Supplied material section start

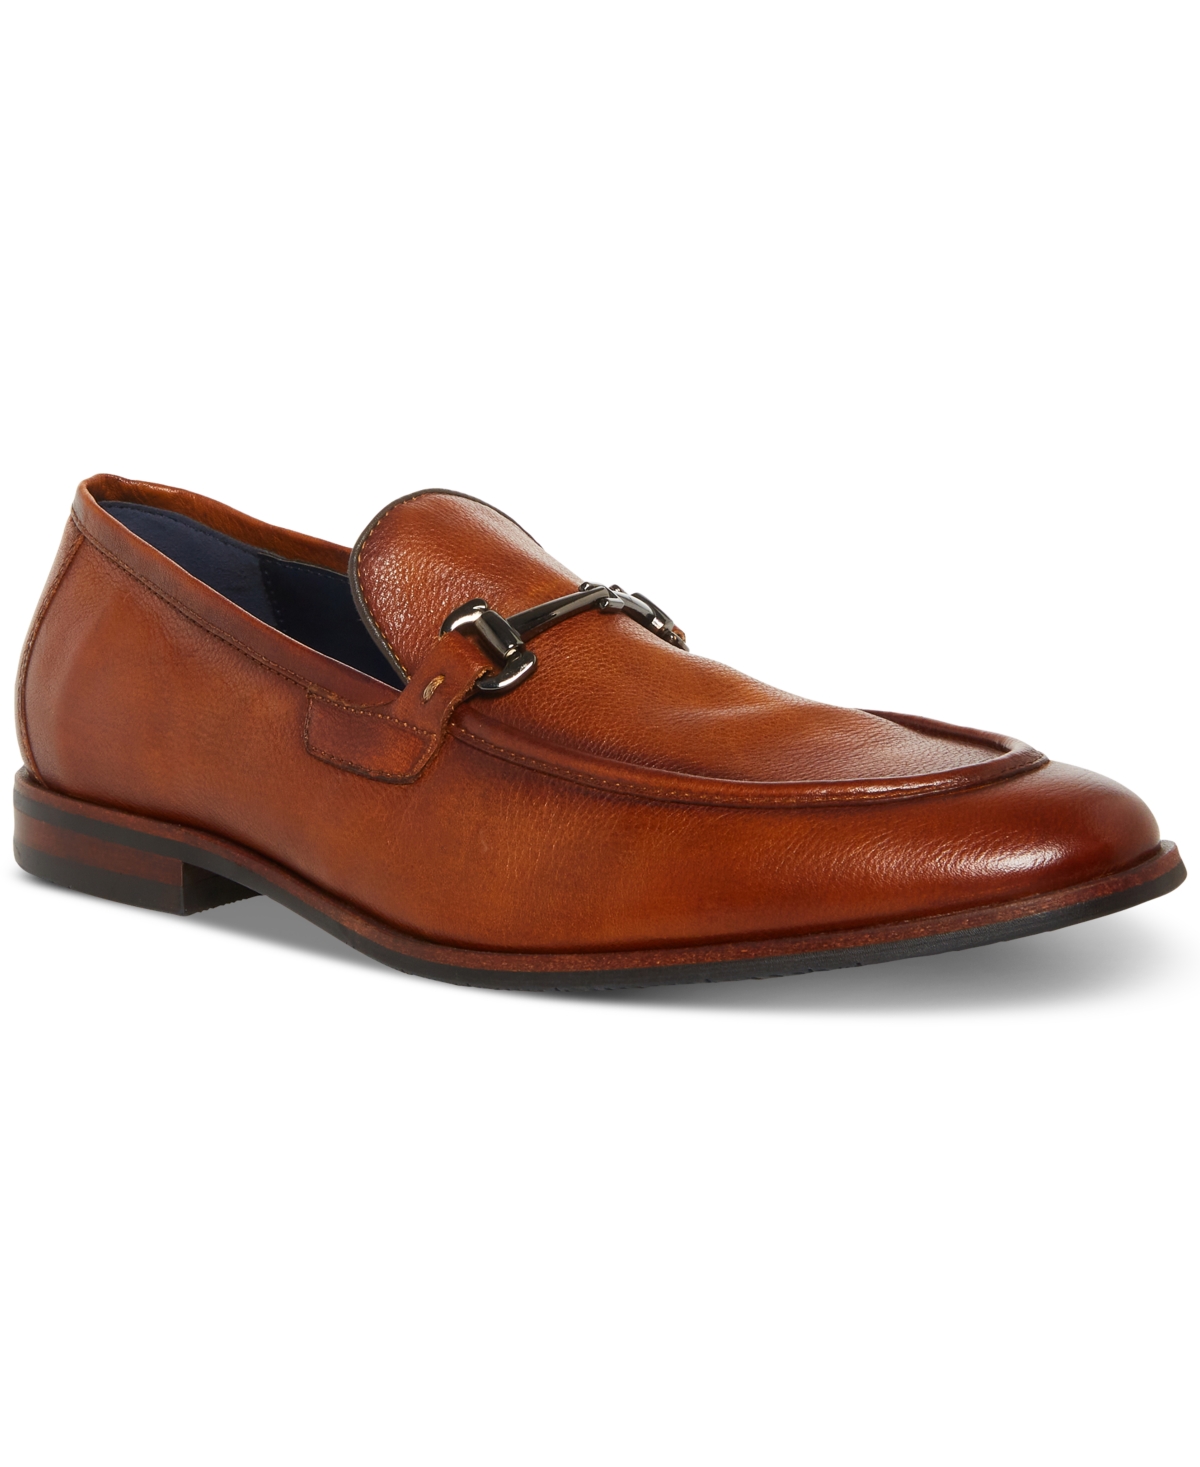 Men's Caspin Bit Dress Loafer - Tan Leather
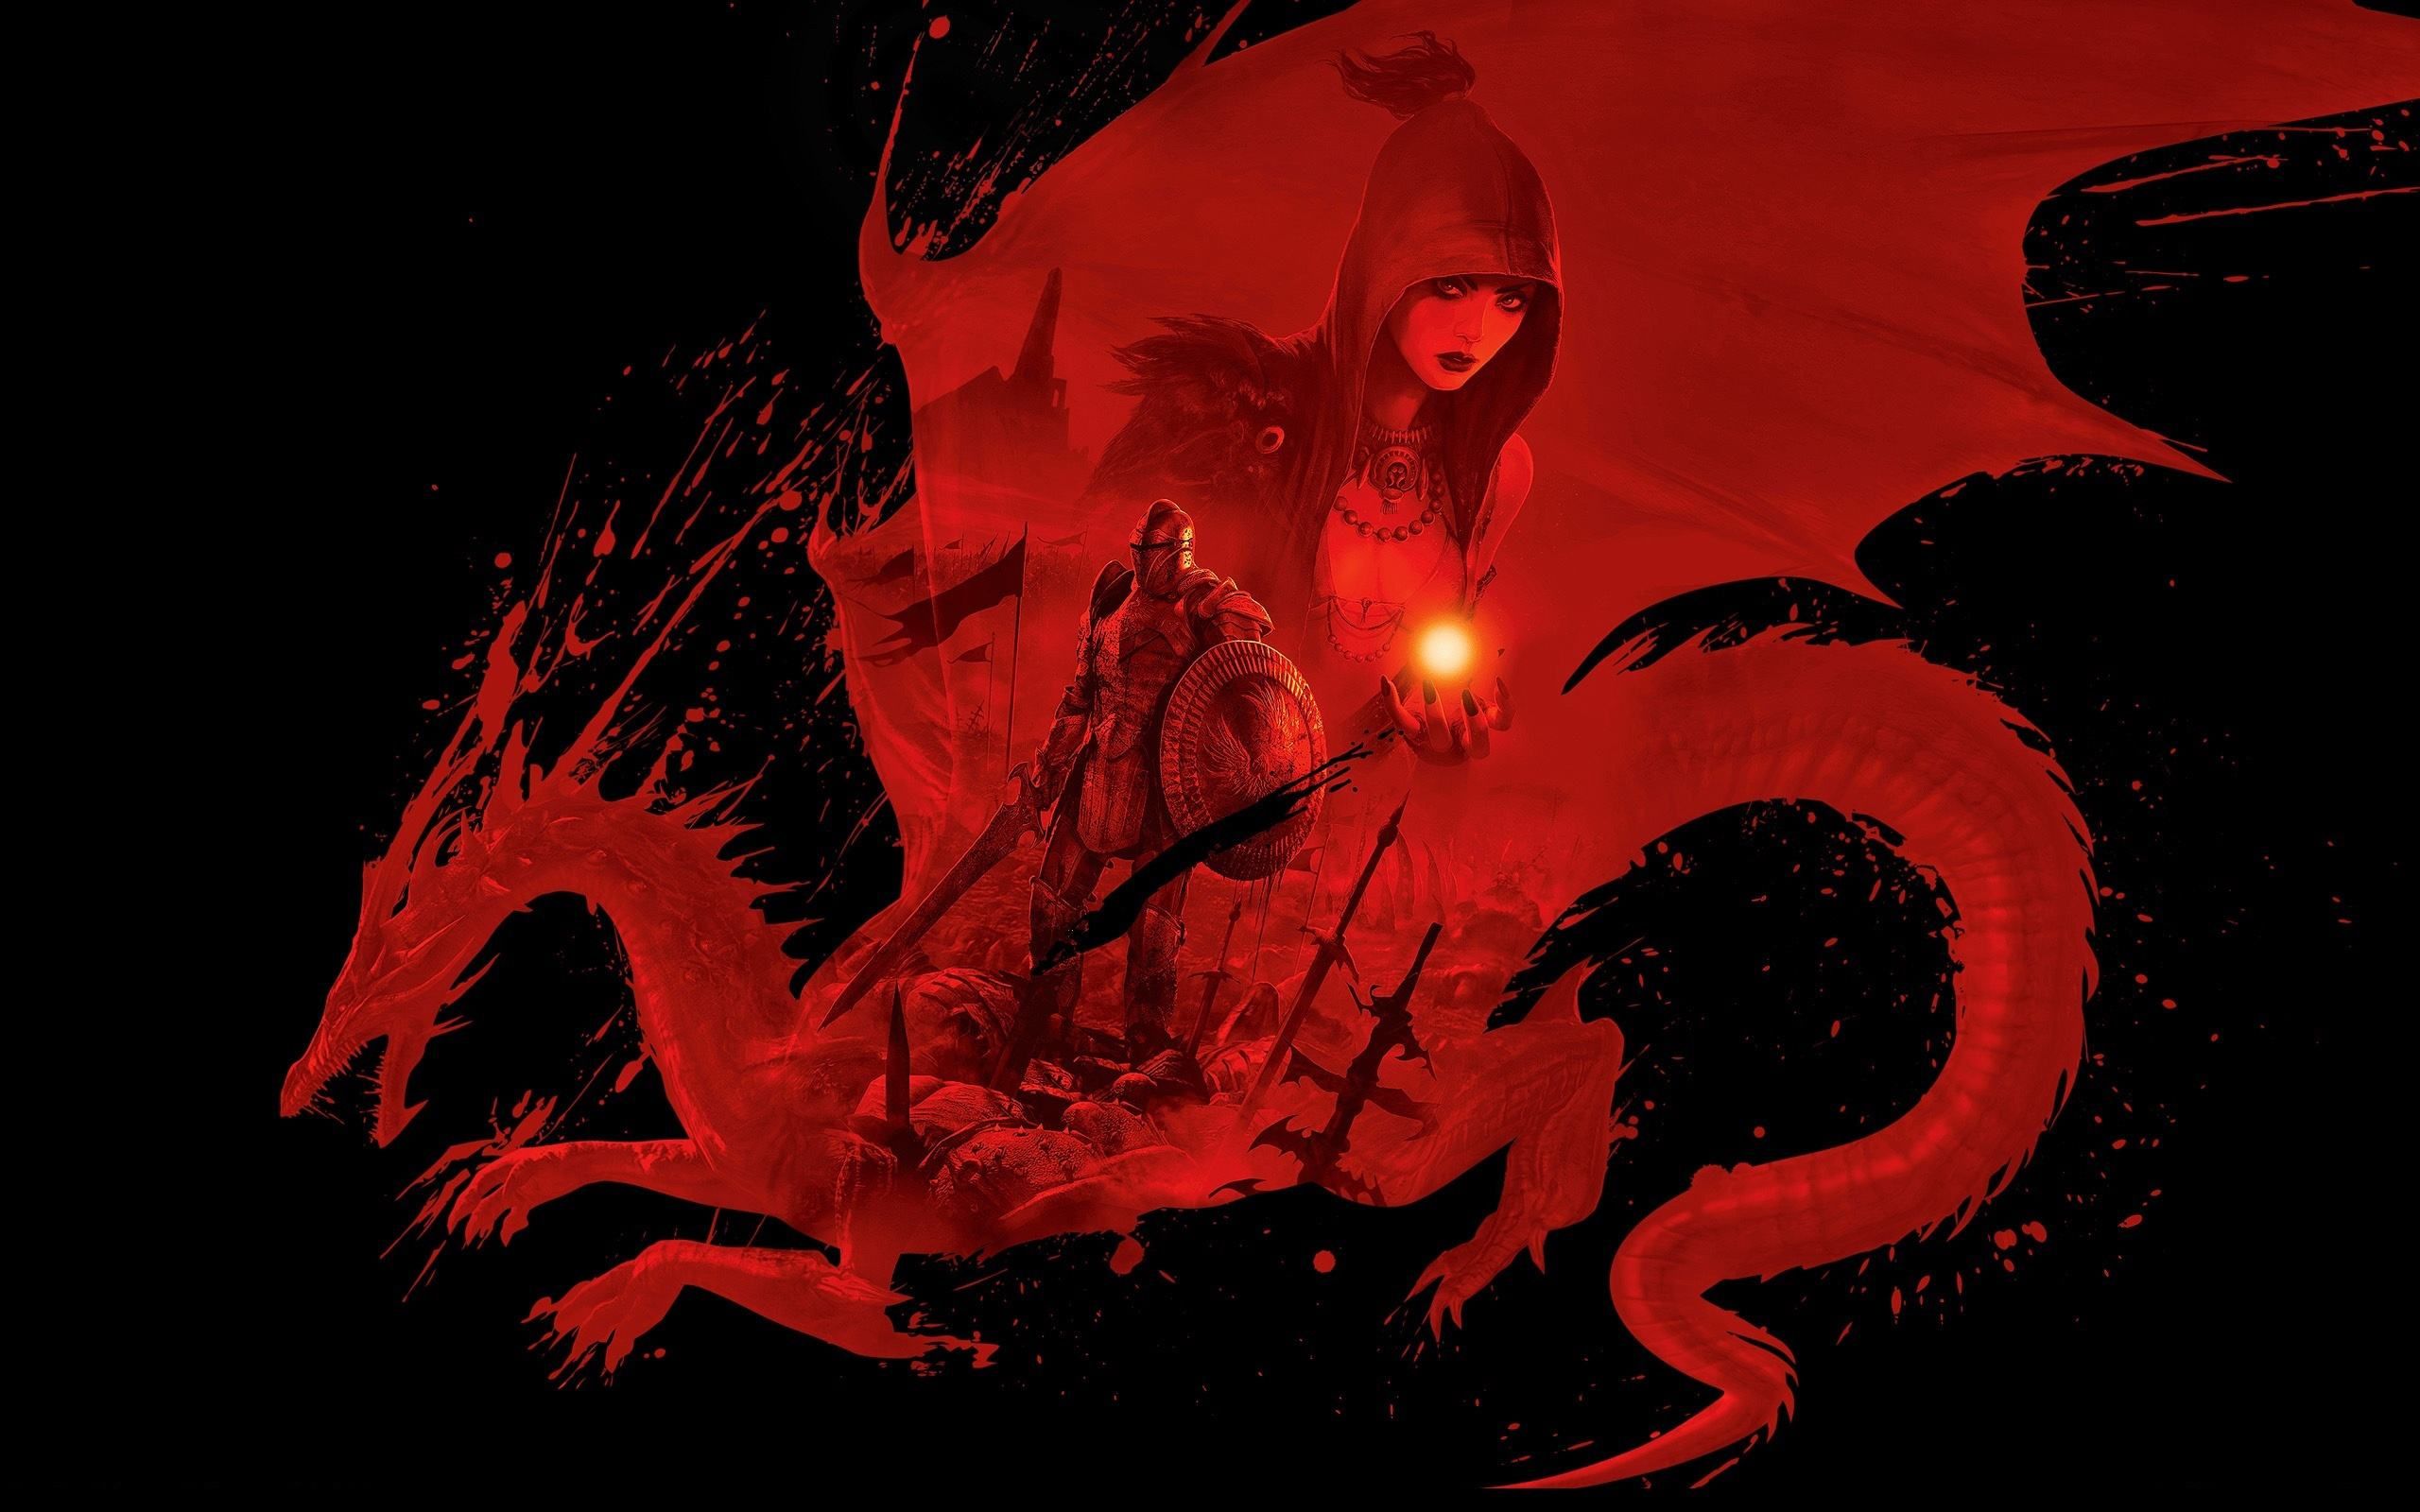 Download Wallpaper Dragon Age Origins (dragon, Red, Dragon Age) Fo 2560x1600, Wallpaper13.com
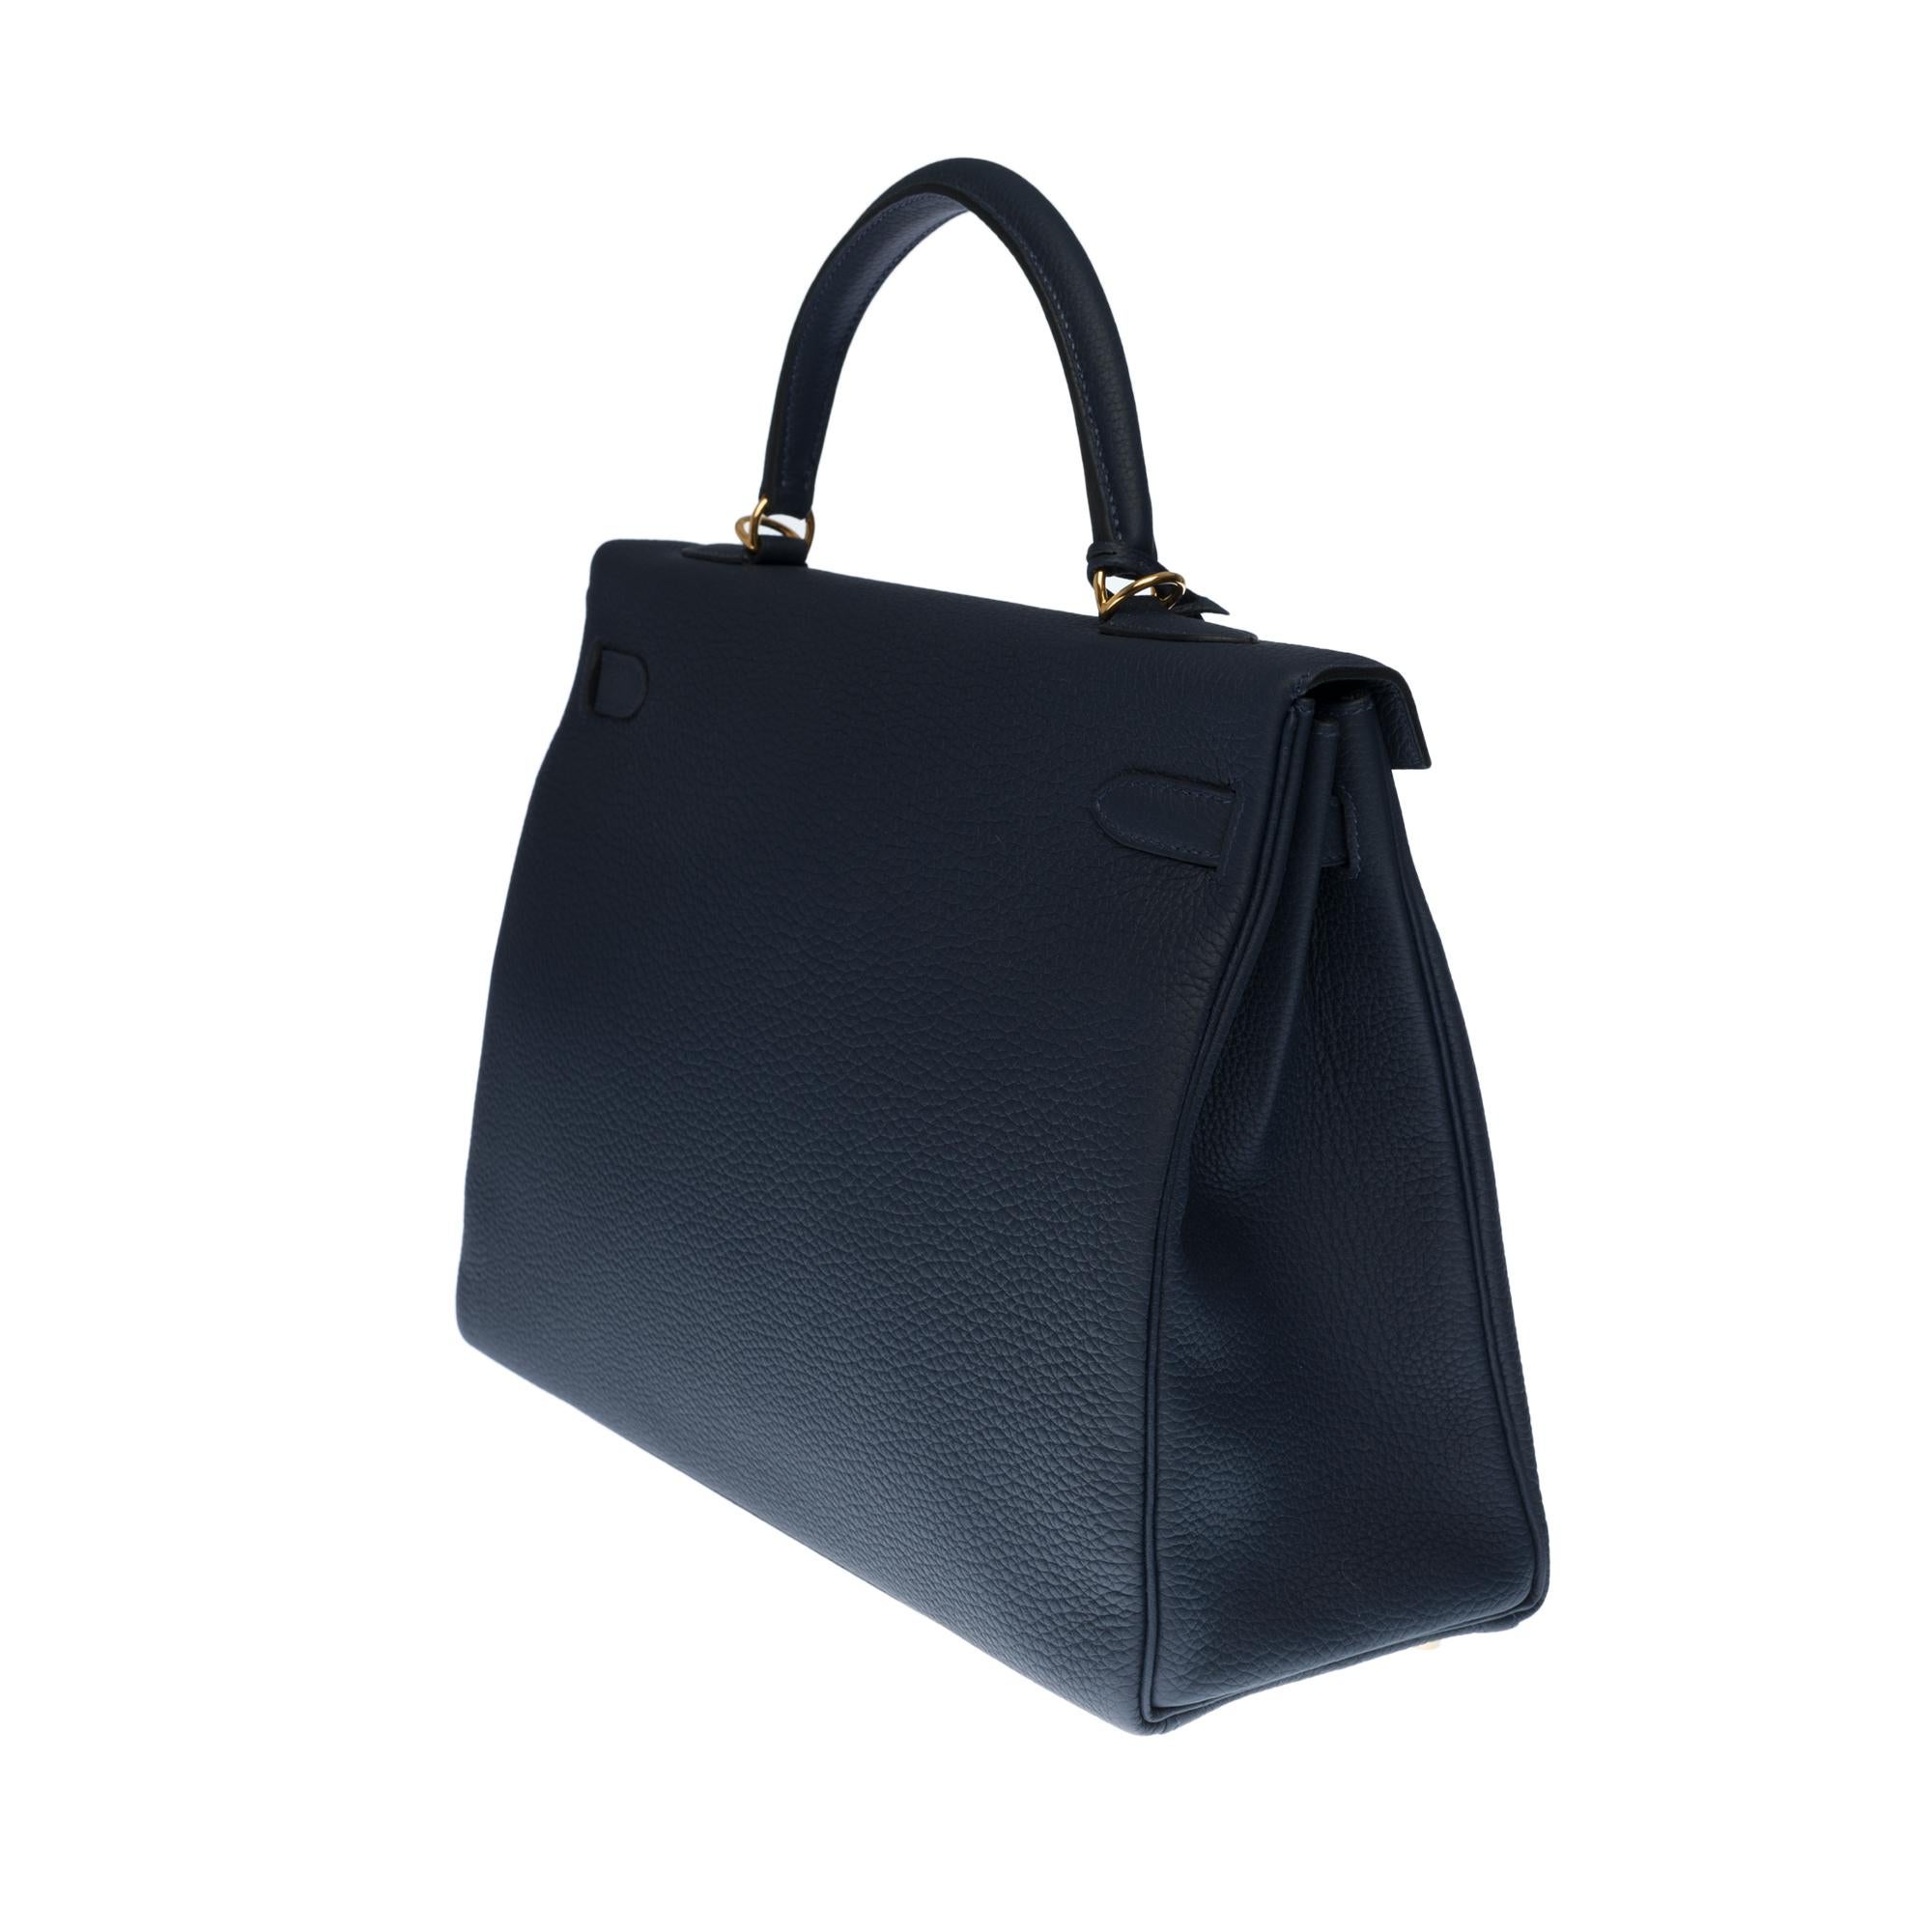 Women's NEW- Hermès Kelly 32cm handbag with strap in bleu nuit togo leather, GHW

Supplied material section end

-- Directions for this task --
Restate, word for word, all of the material above, leaving out the images.

-- Response for this exercise --
 Men's Caspin Bit Dress Loafer - Tan Leather
 Download Wallpaper Dragon Age Origins (dragon, Red, Dragon Age) Fo 2560x1600, Wallpaper13.com
 Women's NEW- Hermès Kelly 32cm handbag with strap in bleu nuit togo leather, GHW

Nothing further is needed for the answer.